Originally Posted by
Andriyko
Reputation means different things to different people. Obviously, for people who associate flying with food the fact that BA may stop giving any for free will mean a bad thing. As far as I can see it I might as well complain when a restaurant does not do my dry-cleaning when I go for dinner. Other airlines lost their reputation because their hard product sucked and they had/still have some of the most disinterested employees. Food had nothing to do with that. It is because BA was so far ahead and introduced a flat bed in business class that other airlines were behind. And these airlines lost their reputation in premium classes, not in economy. But premium classes are different. I don't think that in economy there is any difference, unless, of course, one really wants to make a point and say that crisps amount to full service.

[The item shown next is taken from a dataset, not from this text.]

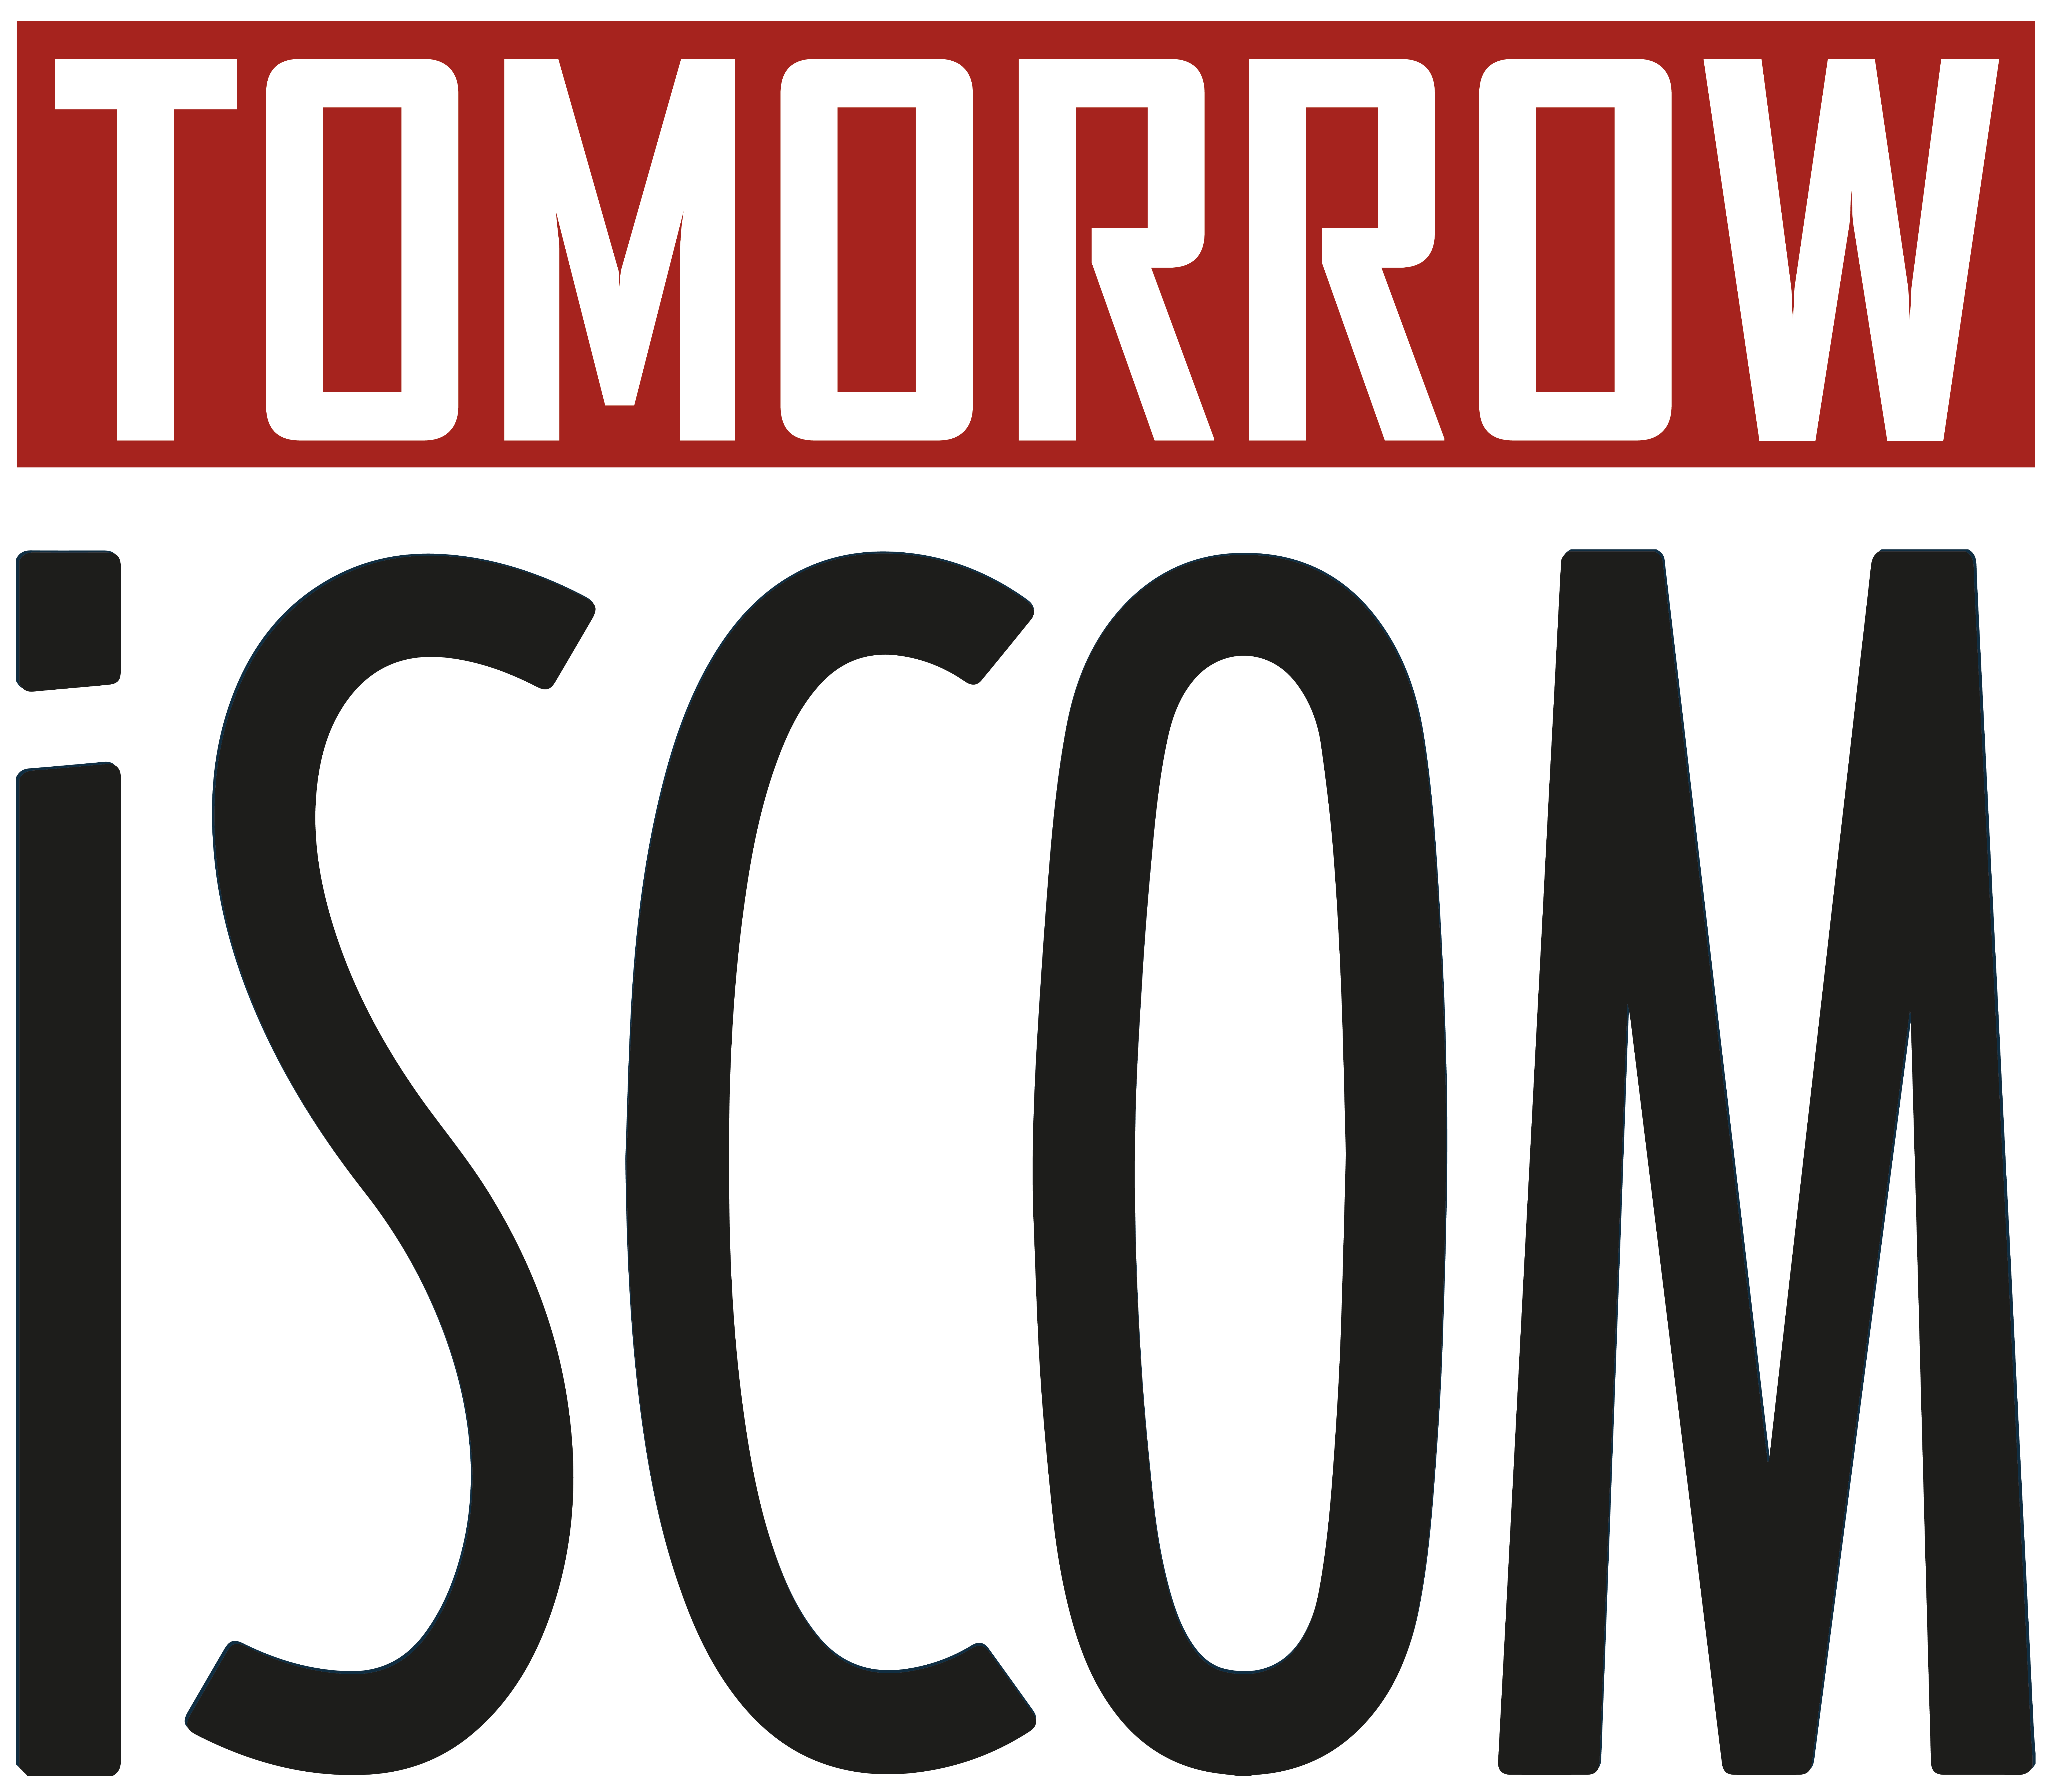 Tomorrow ISCOM
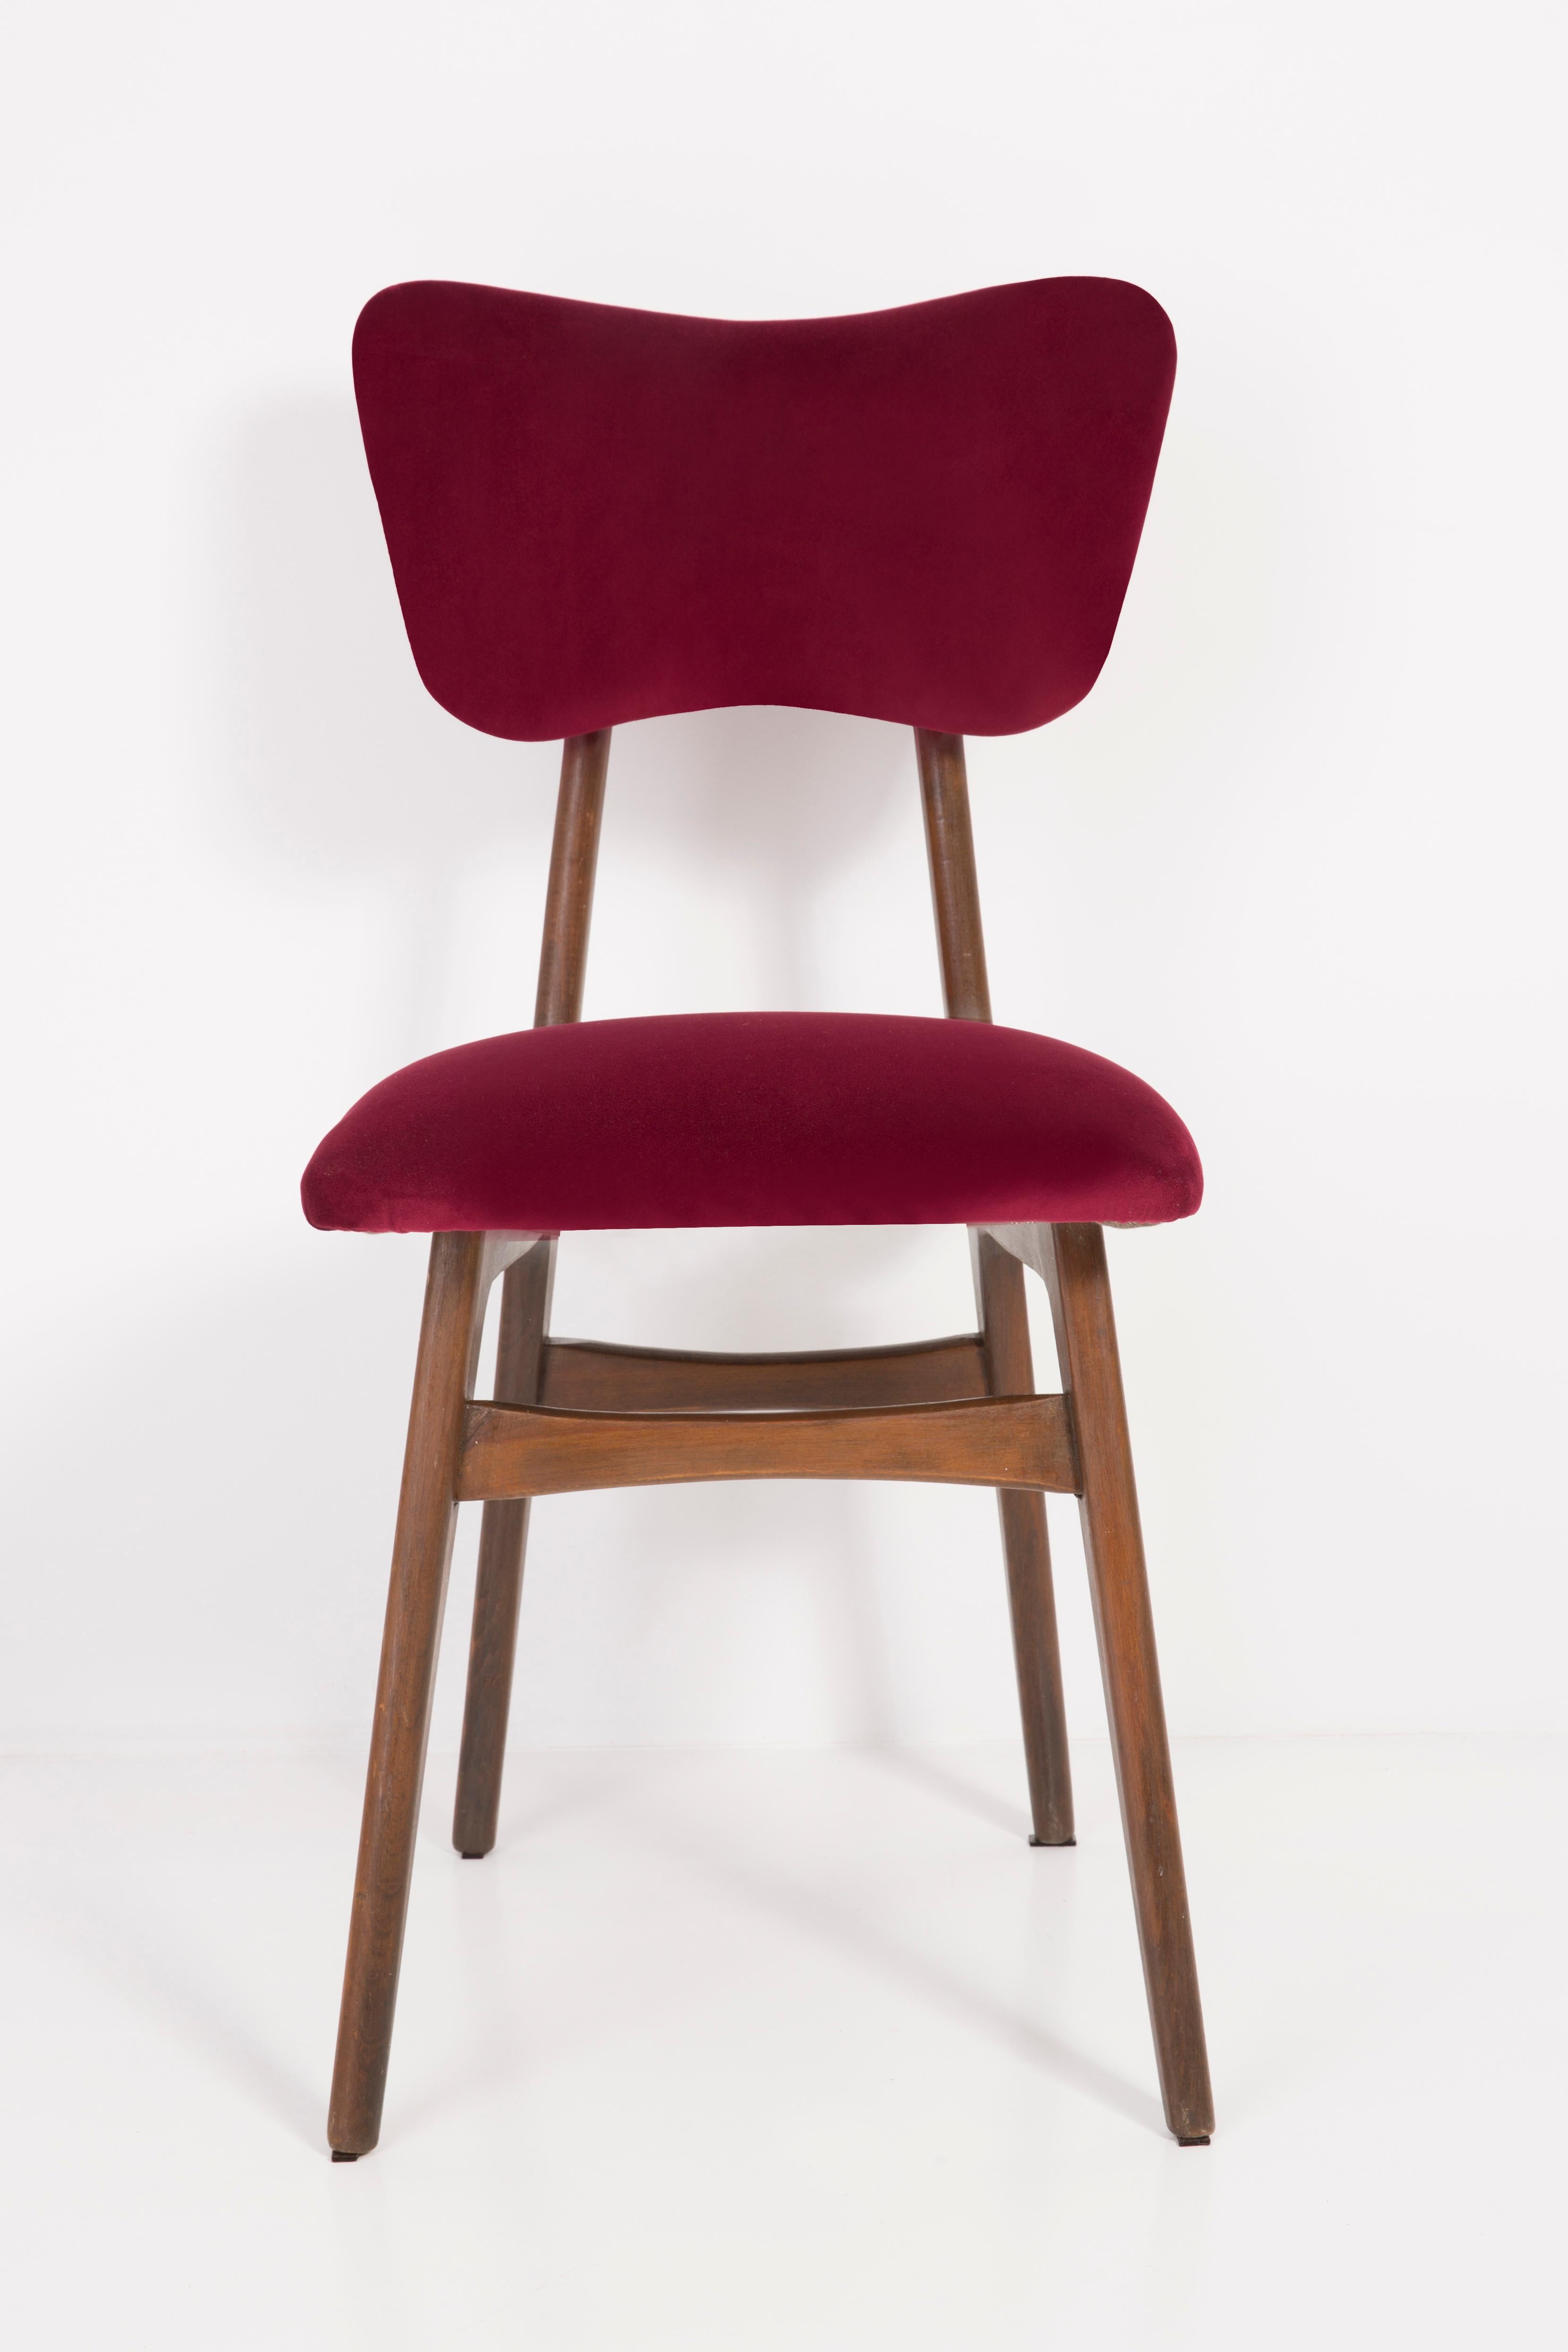 Stühle entworfen von Prof. Rajmund Halas. Hergestellt aus Buchenholz. Der Stuhl wurde komplett neu gepolstert, die Holzarbeiten wurden aufgefrischt. Sitz und Rückenlehne sind mit burgunderrotem, strapazierfähigem und angenehm zu berührendem

There have been many posts on this thread on whether BoB will lead to reputational damage or not, and you are of course welcome to continue that debate, but my post which you quoted was not one of them. It simply stated a research finding (which, in fairness will be well known to many people aware of the relevant bodies of literature, but I suspect many people on FT have no reason to be) that it takes less to damage a reputation than to salvage it, and that negative reputational effects last much longer than positive ones.
It is just a point of fact which I thought was interesting in the context of people discussing reputation here, and from that point of view, it makes absolutely no difference if the negative reputational stimulus is related to food, seats, airports, a personal negative experience, a murder on a flight, a tragic accident, or a boss or manager being embroiled in some sort of tabloid scandal or anything else. If any of those stimuli do not lead to negative evaluation on your part then, great there is no effect, but if this is above your personal threshold for negative effect, then it will take a much stronger stimulus and much more time to reverse the effect.
For those interested, there are interesting effects in terms of brain waves - you can have an EEG of someone watching positive news and it is totally unaltered, then you put what represents bad news to them and their EEG suddenly goes totally crazy.